There are a number of intertwined issues here.

 

o 911 services depend on knowing where someone is.  This is easy when there is a dedicated wire for the phone service, hard to impossible when someone can plug the phone into any Internet connection anywhere in the world.

 

o Even if Vonage were able to tell the emergency folk exactly where the caller is it would not be compatible with the emergency systems since they depend on receiving a phone number that they look up in a data base to find a street address.

 

o Vonage does not advertise that they provide 911 service (but they do seem to have some way to provide something like it) should they be required to provide something they do not advertise?

 

o When does a voice interaction application become a phone service -- is voice-enabled instant messaging a phone service that needs to support 911?

 

o How much of this is actually the regulators trying to protect the incumbent phone companies and the revenue streams from them?

 

When there was only one phone company in any one area there might have been a good reason for the regulators to define what services that phone company had to offer and at what price.  But since the Internet enables an infinite number of companies and individuals to offer the equivalent of phone service in the same area is the regulation still needed to protect the consumer?
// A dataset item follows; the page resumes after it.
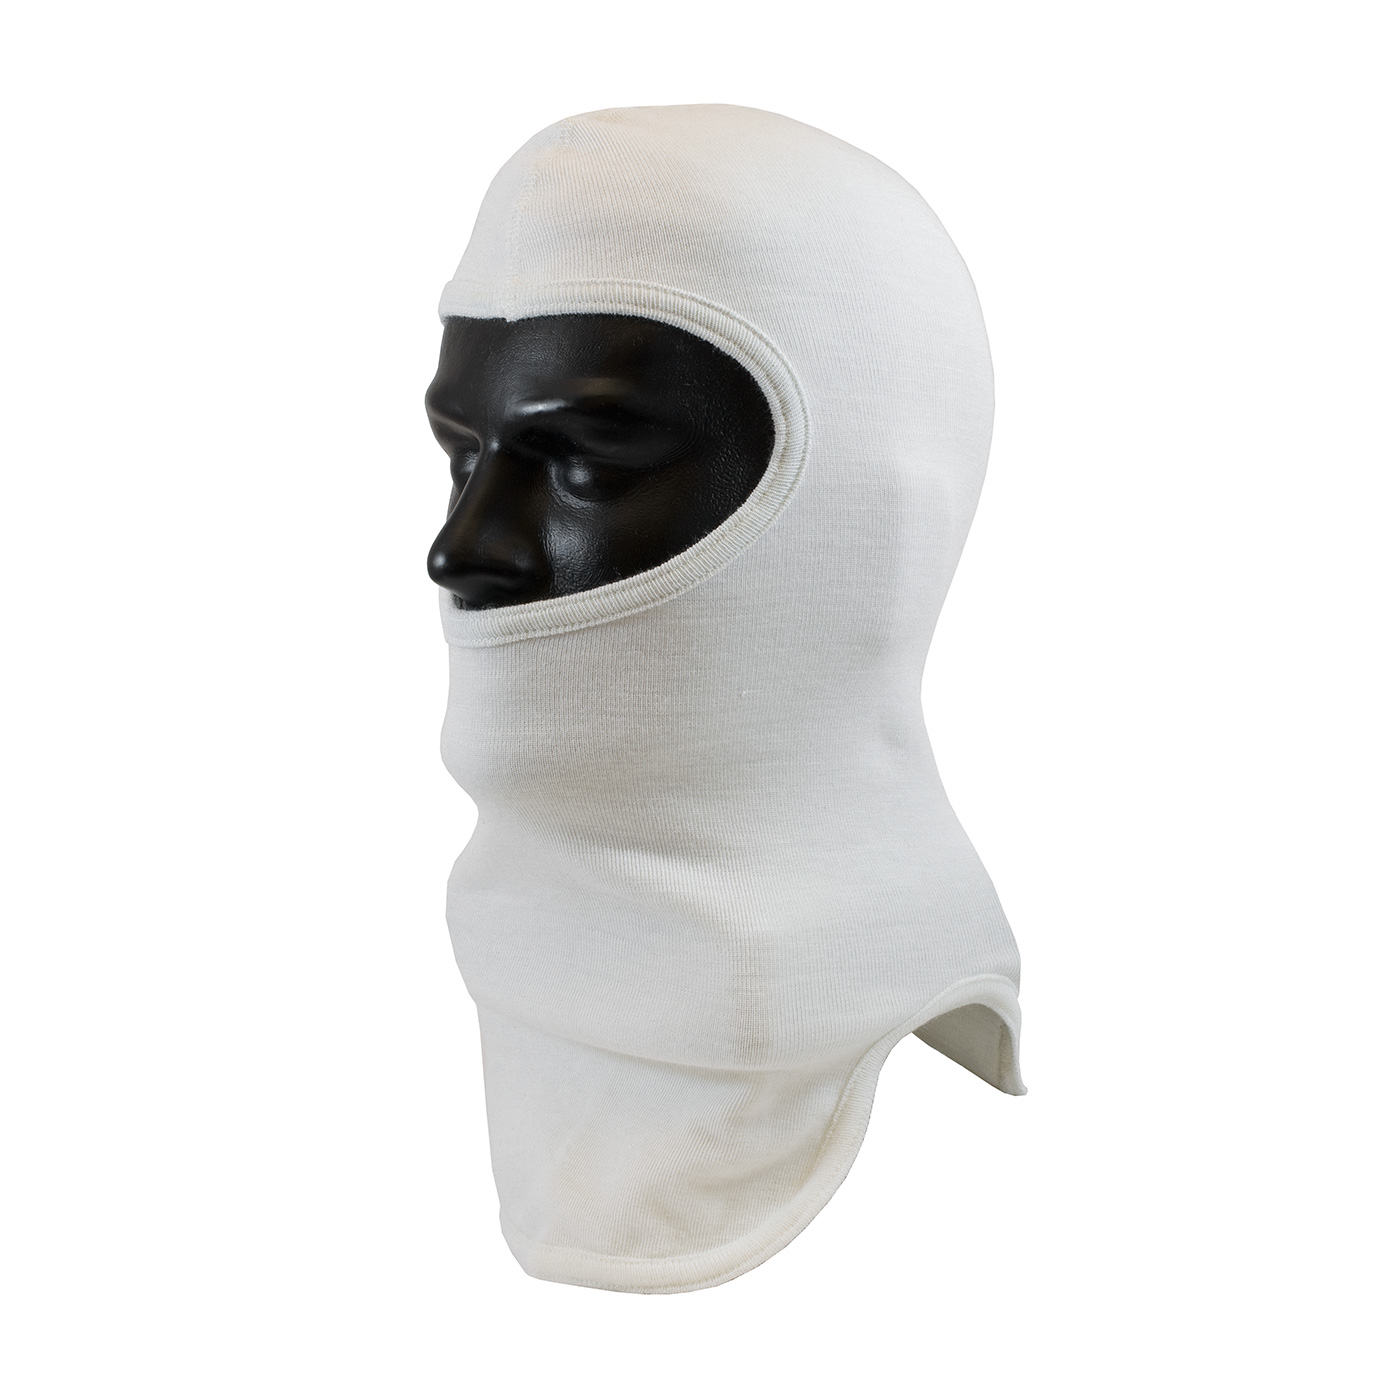 PIP® Double-Layer Tri-Cut White Nomex® Hood - Full Face #906-100NOM7

Real competition between providers pushes innovation and lowers prices -- somehow I do not think it's likely that regulations from the Minnesota Public Utilities Commission will have the same effect.

 

Maybe Minnesota regulators should insist in truth in advertising, including requiring that the ads say if 911 is not provided, and let the customers decide what they want.  That approach seems to work in many other areas.

 

disclaimer:  I'm sure Harvard trains some regulators, I hope they are not as good at ignoring the interest of the consumers but the above is my observation.